Refusal to Provide Copies
Consequently, the relevant Rules Of Professional Conduct and Statewide Grievance Committee Ethics Opinion 84 -3 should get consulted. This happens if trial counsel refuses to provide a copy of his or her entire file. Or, it happens if they otherwise seek to withhold certain sections of it. This may or may not be a proper stance for counsel to take. An objection, however, based on the attorney-client privilege (which is a common law evidentiary rule) or the work -product doctrine (which is a rule of discovery) is not valid because the objection lies with the client, not trial counsel.
See Practice Book § 13-3 (civil work-product doctrine) and § 40-31 (criminal work-product doctrine); see also Spivey v. Zant, 683 F.2d 881, 885 (5th Cir. 1982)(“the work product doctrine does not apply to the situation in which a client seeks access to documents or other tangible things created or amassed by his attorney during the course of the representation”); see also Code Of Evidence, Article V. Privileges and Author Commentary (j) Attorney/Client; see generally C. Tait & Hon. E. Prescott, Tait’s Handbook Of Connecticut Evidence, § 5.20, et seq. (5th Ed. 2014)(Attorney-Client Privilege).

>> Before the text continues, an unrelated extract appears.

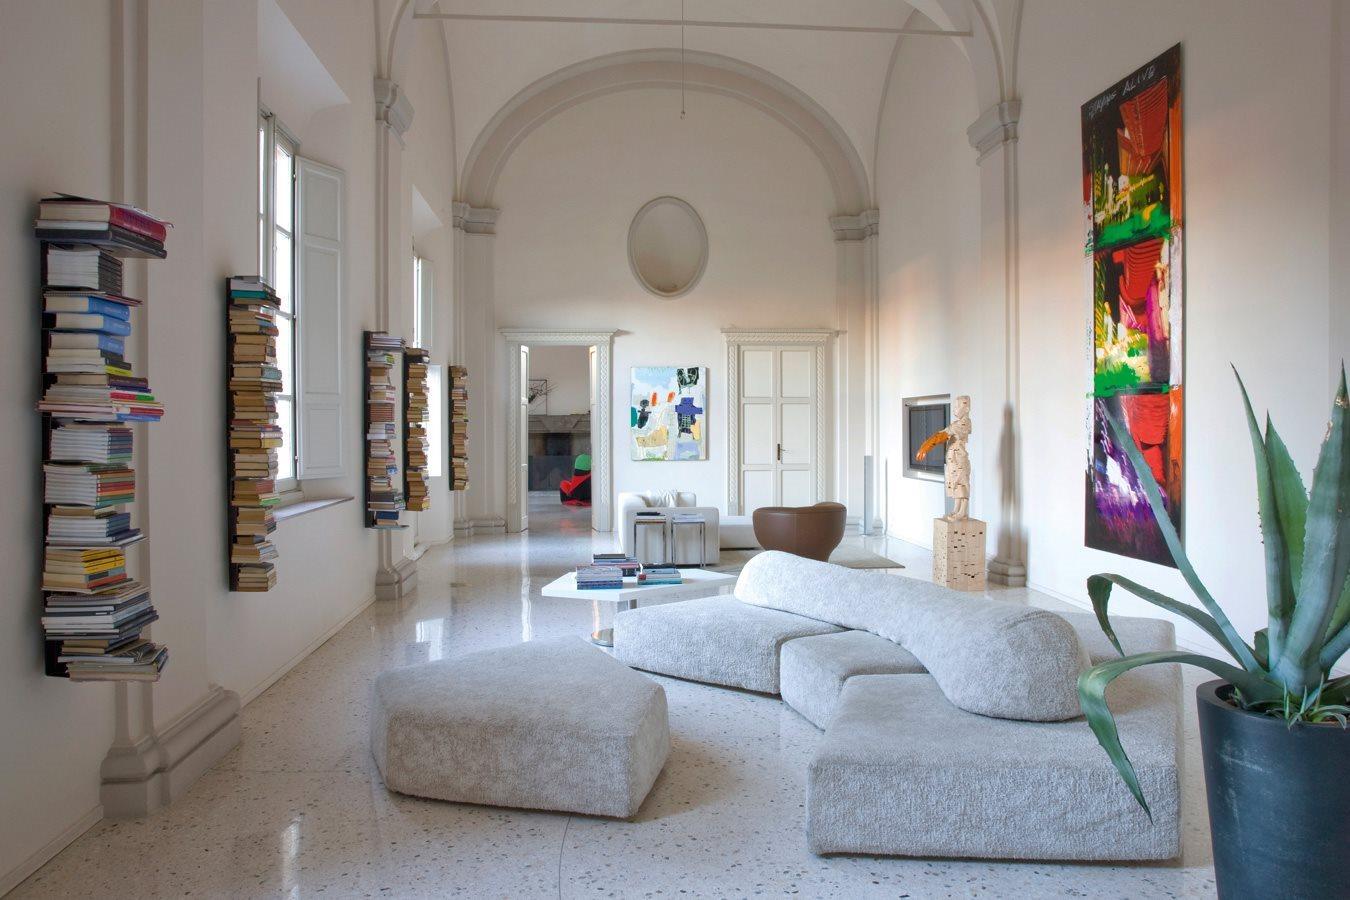 francesco binfar arredo e convivio. Black Bedroom Furniture Sets. Home Design Ideas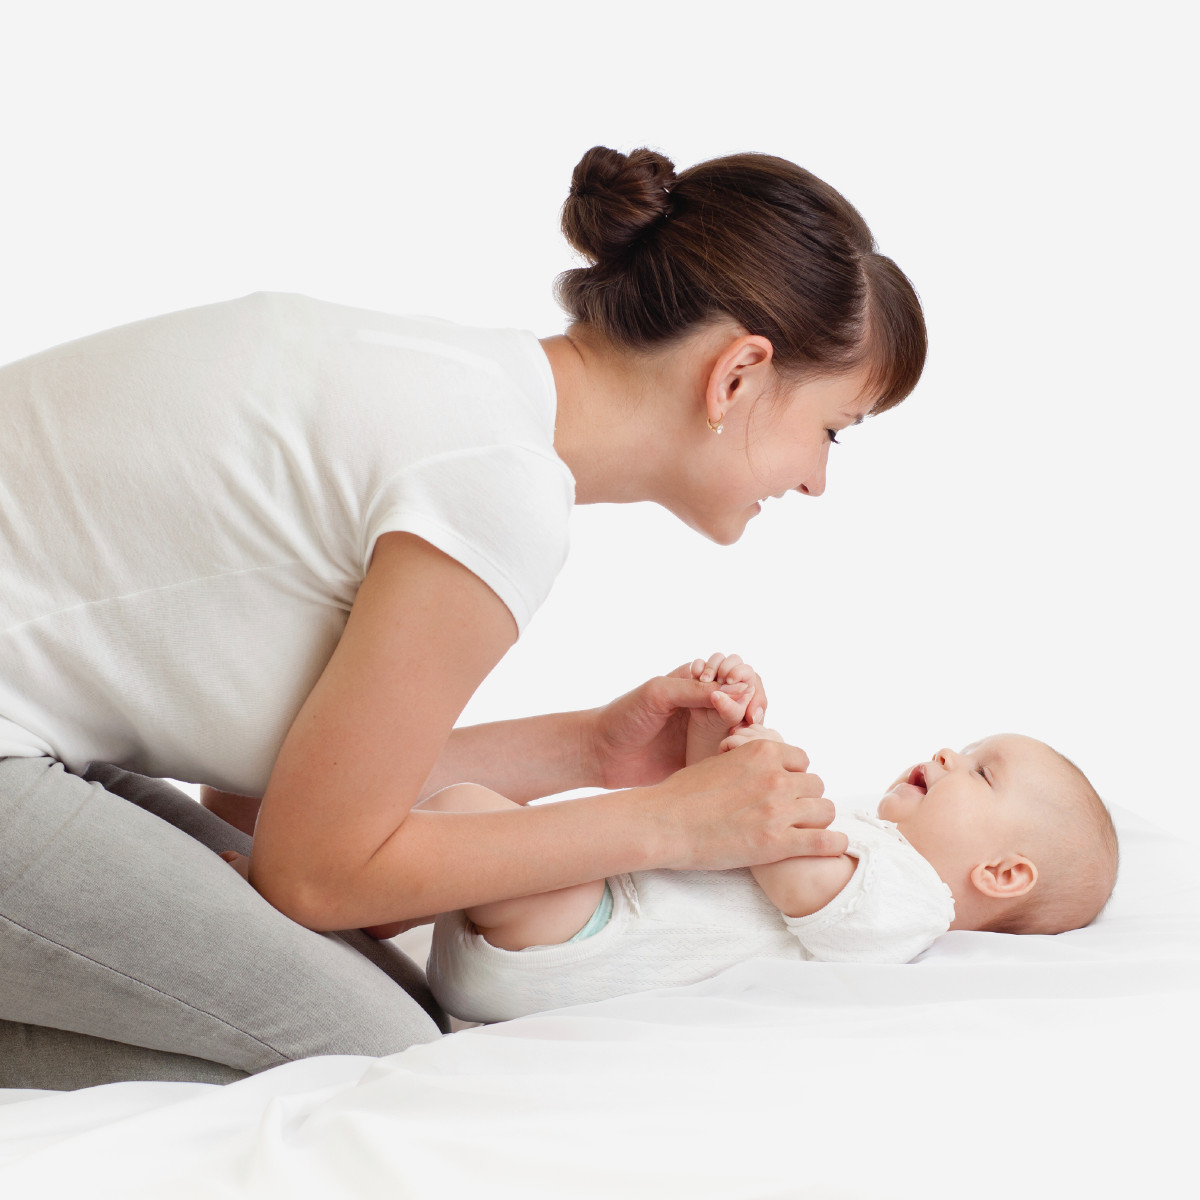 massagens-para-bebes-a-tecnica-shantala-massagem

Notwithstanding Ethics Opinion 84-3’s holding that counsel can withhold his or her notes, every effort should happen to convince trial counsel that it is in the best interest of the client (and counsel) to disclose the entire file, including counsel’s notes, to habeas counsel.
Simply put, the entire file will aid in determining “the reasonableness of counsel’s challenged conduct on the facts of the particular case, viewed as of the time of counsel’s conduct.” Strickland , 466 U.S. at 689-90; see Gonzalez, 308 Conn. at 485; see also Id. at 691 (“inquiry into counsel’s conversations with the defendant may be critical to a proper assessment of counsel’s investigation decisions, just as it may be critical to a proper assessment of counsel’s other litigation decisions”); cf. Maxwell v. Florida, 479 U.S. 972 (1986)(Marshall, J., dissenting from denial of cert.)(“There is no more accurate or reliable evidence of trial counsel’s actual perspective and extent of preparation than the contents of his client’s case file. Access to these materials is critical where…trial counsel’s testimony rests on little more than vague recollections.”).
Finally, if trial counsel takes the position that Practice Book § 40-10(a) prohibits trial counsel from providing habeas counsel with a copy of the discovery received from the State, habeas counsel should move either the trial court or habeas court, pursuant to Practice Book § 40-10(a), for permission to receive the materials for the purpose of the habeas litigation.